Installation: Python 3,10 in Docker with the following dependencies: toxinpred3 scikit-learn==1.0.2 pandas numpy
Example input (irrelevant because it doesn't reach this point):
>example_protein
MKTAYIAKQRQISFVKSHFSRQDILDLWIYHTQGYFPDWQNYTPGPGIRYPLKF
>second_protein
GAVLILKKKGHHEAELKPLAQSHATKHKIPIKYLEFISEAIIHVLHSRHPGDFGADA
Command
toxinpred3 -i input.fa
Error
Traceback (most recent call last):
File "/usr/local/bin/toxinpred3", line 8, in <module>
sys.exit(main())
File "/usr/local/lib/python3.10/site-packages/toxinpred3/python_scripts/toxinpred3.py", line 364, in main
prediction('seq.aac', 'seq.dpc', nf_path+'/../model/toxinpred3.0_model.pkl','seq.pred')
File "/usr/local/lib/python3.10/site-packages/toxinpred3/python_scripts/toxinpred3.py", line 81, in prediction
clf = joblib.load(file_name2)
File "/usr/local/lib/python3.10/site-packages/joblib/numpy_pickle.py", line 749, in load
obj = _unpickle(
File "/usr/local/lib/python3.10/site-packages/joblib/numpy_pickle.py", line 626, in _unpickle
obj = unpickler.load()
File "/usr/local/lib/python3.10/pickle.py", line 1213, in load
dispatch[key[0]](self)
File "/usr/local/lib/python3.10/pickle.py", line 1538, in load_stack_global
self.append(self.find_class(module, name))

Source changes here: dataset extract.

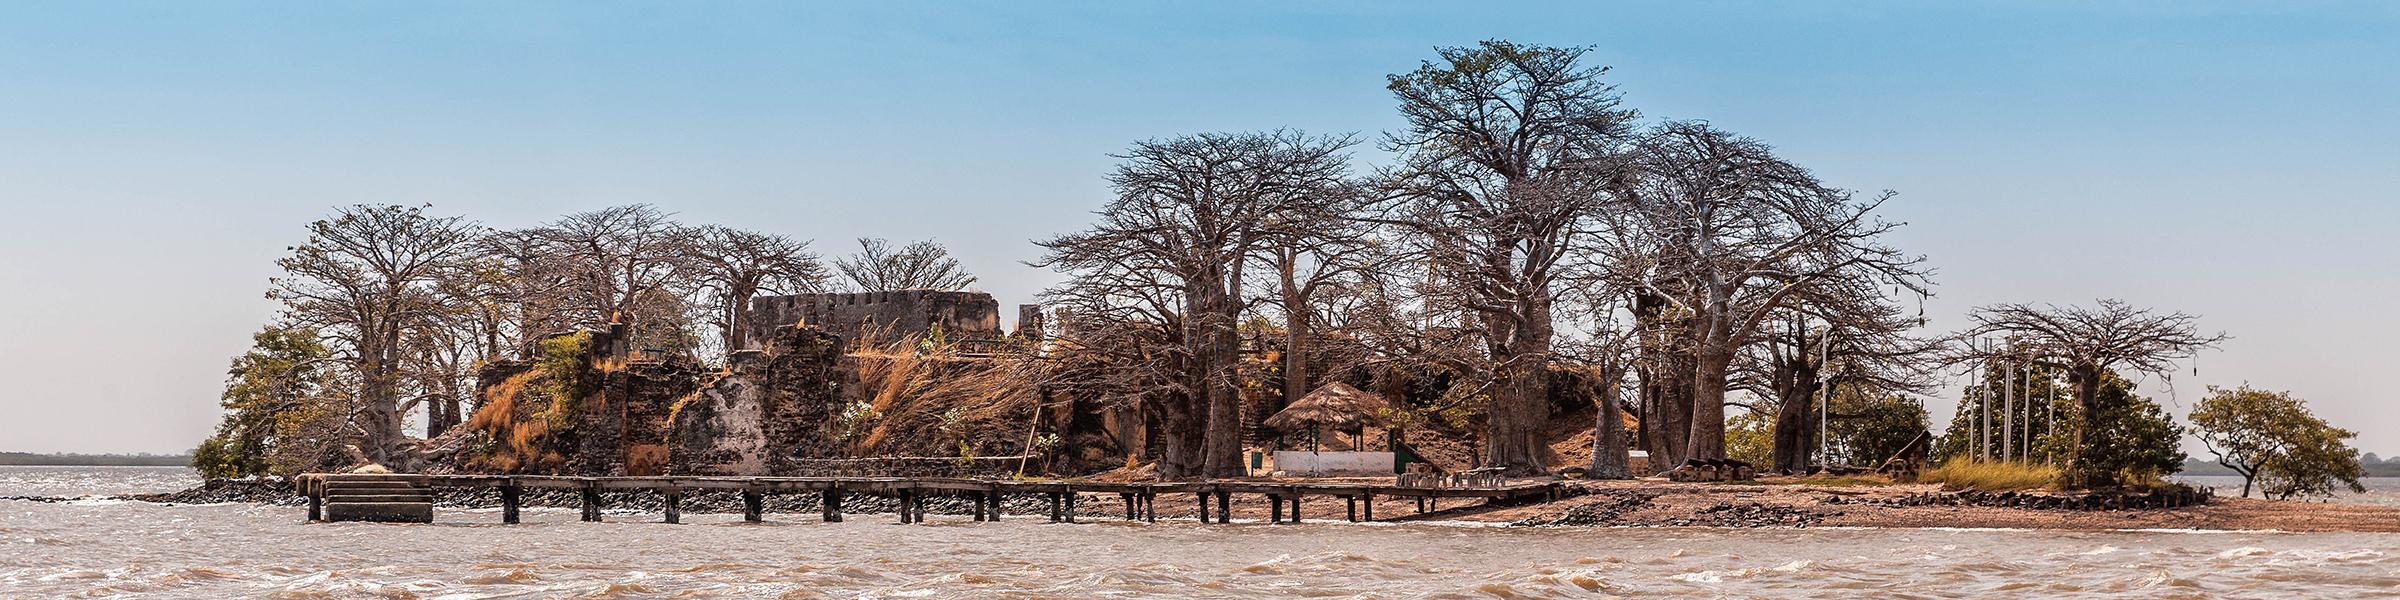 Gambia River Kunta Kinteh Island

File "/usr/local/lib/python3.10/pickle.py", line 1580, in find_class
__import__(module, level=0)
File "/usr/local/lib/python3.10/site-packages/sklearn/__init__.py", line 82, in <module>
from .base import clone
File "/usr/local/lib/python3.10/site-packages/sklearn/base.py", line 17, in <module>
from .utils import _IS_32BIT
File "/usr/local/lib/python3.10/site-packages/sklearn/utils/__init__.py", line 23, in <module>
from .murmurhash import murmurhash3_32
File "sklearn/utils/murmurhash.pyx", line 1, in init sklearn.utils.murmurhash
ValueError: numpy.dtype size changed, may indicate binary incompatibility. Expected 96 from C header, got 88 fr
I think the issue is caused by an incompatibility between numpy and scikit-learn. I was able to solve the issue by pinning numpy to an older version (1.21.6). I suggest that this is also done in the package because normal install is now broken or that the documentation is updated.